Something clicks. The darkness spins down and slumps to a stop. The legs outside bend forward, the portal opens, and the man climbs stiffly out of the drying machine. He steadies himself on an ironing board.

'Thanks,' he mumbles through his gas mask. He peels a sock out of his greying hair and hands it to the nurse, who is almost - almost - too baffled to scream. He jumps when she does, then stumbles back against the dryer as she starts beating at him with the sock. She shouts—

—in a language he doesn't understand. Sore feet beating bare on pavement. The sharp echoing rattle of guns down an alleyway elsewhere in the city. He stumbles over rubble, dives through a broken diner window, and scrambles behind the counter. Pattering feet come to a stop outside; there is hoarse conversation. He tries to quiet his breathing but his lungs are too air-starved from running. A metal cylinder flies over his head, cracks into the diner grill, and drops hissing to the floor. Thick gas spills from one end. He sees a body slumped against the fridge across from him, a gas mask loose on its face.

Shouts outside. Guns splutter, but not into the diner. The air is growing colder. Something growls out in the street and he feels it in his bones. The man wants to shut his eyes but knows that if he does he'll see a wide, yellow grin, the skin around it hanging loose and wrinkled like an ill-fitting suit. He crawls to the fridge, coughing as he tugs the gas mask on, and darts into the bathroom. He curls up in one of the booths until the gunfire goes quiet. By then the air is still and freezing.

Out in the diner he hears glass crunch. He always expects to hear breathing when it's this close, some low and hungrily expectant purr, but there is just an awful silence.
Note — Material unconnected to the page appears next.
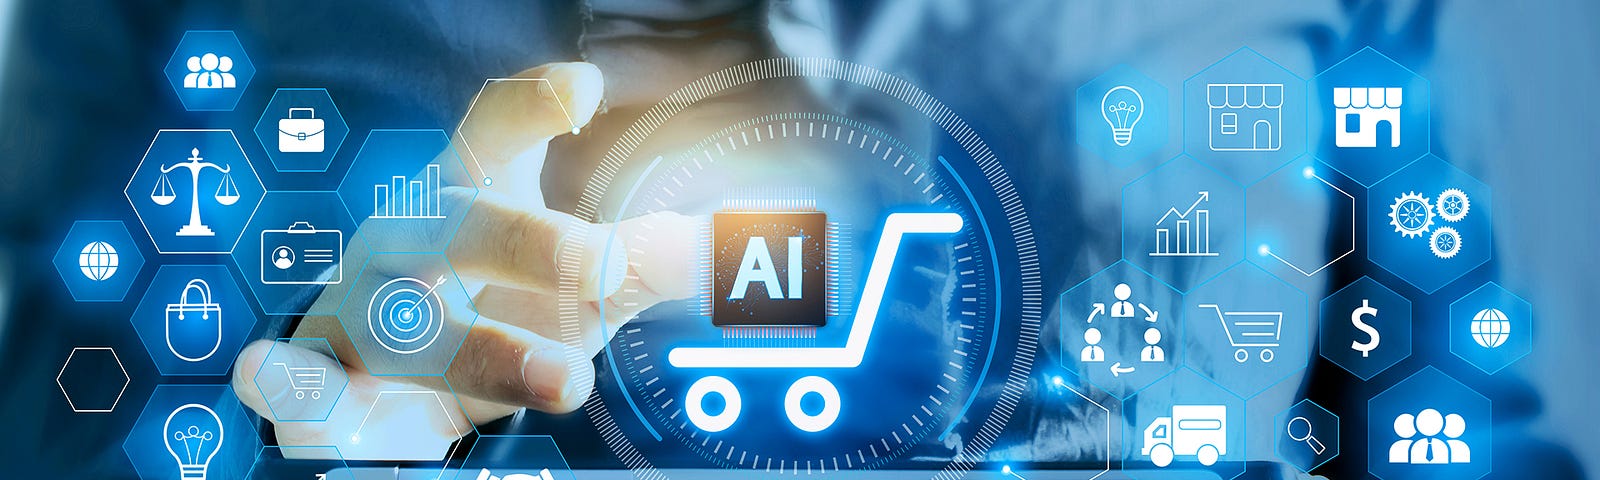 AI E-Commerce Platform Development

The bathroom door whines open. Outside his stall he hears the shuffle and rasp of fabric and of skin. The door closes. His lungs scream for air because he's been holding his breath since the glass crunched.

One of the stall doors whispers open. Then another, nearer. He can feel its grin, it's all he can see, his lips are dry and he blinks away tears.

The hairs on his arm stand on end. Nausea hits him all at once, and he grins under the mask. 'Too slow,' he breathes, and there is a tensing and a sudden rush of movement and his stall door swings open and he catches an instant's glimpse of wide smiling eyes before the world falls away and is replaced by whirling, by whirling, thumping darkness.

Vertigo hits as the memory rushes back. Soon, he knows, he'll recall the jump before that, and the one before that, and he realises with a pang of exhausted terror that he's lost count of how many there have been. Tearing off the gas mask he grabs the sock out of the nurse's hand and tries to drag her away from the dryer, but she pulls back and starts machine-gunning him with what sound like questions. 'Get out,' he rasps through parched lips, 'get everyone as far from here as you can.' But she talks right over him, and he's pretty sure she wouldn't listen even if she could understand him, and when he sees her words are condensing in the air he stops caring.

He lurches out of the laundry seconds before something gnarled and pale snakes its way out of the dryer. It slaps at the floor and the clothes sprawled there, then suckers down and braces itself. The dryer groans as a great weight is pulled forward, and as ice creeps along the tiles more shapes reach out of that darkness, things that look like tentacles or branches or arthritic hands or like none of those things, some writhing and unfurling, some sniffing, some quivering or turning coiled in the air as if listening, but all of them, all of them, searching.